Putting it Together#

We gather all the steps together now.

def qpe(f_qc_U: Callable, n_count: int) -> QuantumCircuit:
    # Create and set up circuit
    reg1_size = f_qc_U(0).num_qubits
    qc = QuantumCircuit(n_count+reg1_size, n_count)

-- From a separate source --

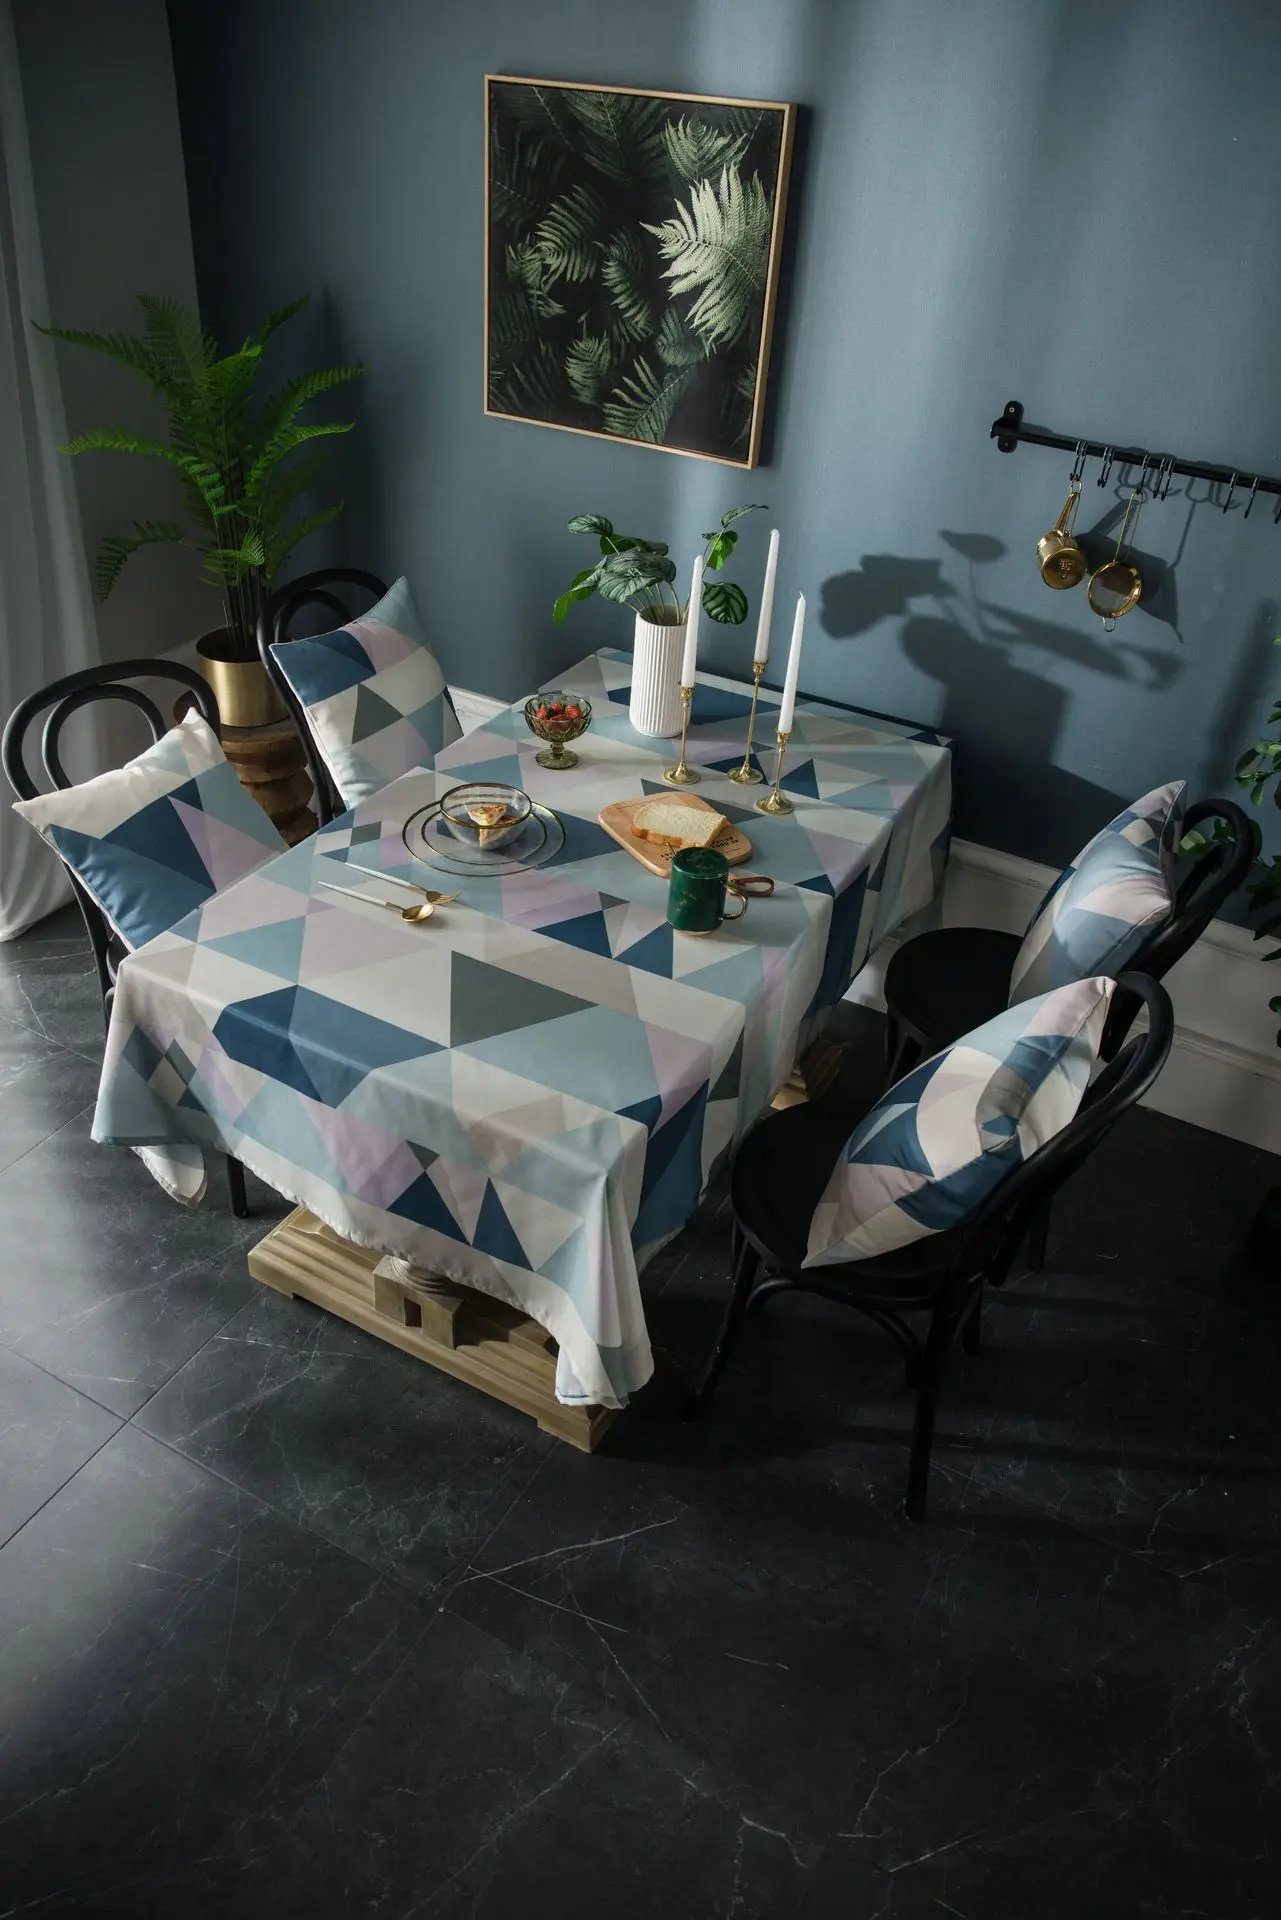 Waterproof table cloth Nordic Geometric Printed Tablecloth Dining Table Coffee Table Cover For Restaurant Banquet Kitchen Decor

    # Step 1: Prepare our eigenstate |1>:
    qc.x(n_count)
    
    # Step 2: Apply H-Gates to counting qubits.
    qc.barrier(label="Step 1 | Step 2")
    for qubit in range(n_count):
        qc.h(qubit)
    
    # Step 3: Do the controlled-U operations:
    qc.barrier(label="Step 2 | Step 3")
    for q in range(n_count):
        qc_cU = f_qc_U(2**q).control() # amod15(a, 2**q).control()
        qc.append(qc_cU, [q] + [n_count+i for i in range(reg1_size)])
    
    # Step 4: Perform inverse QFT
    qc.barrier(label="Step 3 | Step 4")
    qft_dagger(qc, 4)
    
    # Step 5: Measure first register
    qc.barrier(label="Step 4 | Step 5")
    for n in range(n_count):
        qc.measure(n, n)
    return qc

qc_qpe = qpe(lambda q: amod15(7, q), 4)
qc_qpe.draw(output="mpl", style="iqp")

../_images/b901c34ad898f8dfcb951803ecb9826dab5498ea25b322787bfac46144aa35aa.png

qc_qpe = qpe(lambda q: amod15(7, q), 6)
t_qpe = transpile(qc_qpe, sim)
results = sim.run(t_qpe, shots=2048).result()
counts = results.get_counts()
plot_histogram(counts) # note how the last 2 bits are 00

../_images/b0e0b09362c0a80d39dd2c0f03dbc91e6b4ae286308f24be81a78dc048935e1d.png

display_counts(counts)

	Register Output	Phase
0	111000(bin) = 56(dec)	56/64 = 0.88
1	001000(bin) = 8(dec)	8/64 = 0.12
2	001100(bin) = 12(dec)	12/64 = 0.19
3	110100(bin) = 52(dec)	52/64 = 0.81
4	100000(bin) = 32(dec)	32/64 = 0.50
5	110000(bin) = 48(dec)	48/64 = 0.75
6	011000(bin) = 24(dec)	24/64 = 0.38
7	101000(bin) = 40(dec)	40/64 = 0.62
8	111100(bin) = 60(dec)	60/64 = 0.94
9	000000(bin) = 0(dec)	0/64 = 0.00
10	010000(bin) = 16(dec)	16/64 = 0.25
11	100100(bin) = 36(dec)	36/64 = 0.56
12	010100(bin) = 20(dec)	20/64 = 0.31
13	011100(bin) = 28(dec)	28/64 = 0.44
14	000100(bin) = 4(dec)	4/64 = 0.06
15	101100(bin) = 44(dec)	44/64 = 0.69

Summary#

We have introduced the QPE algorithm.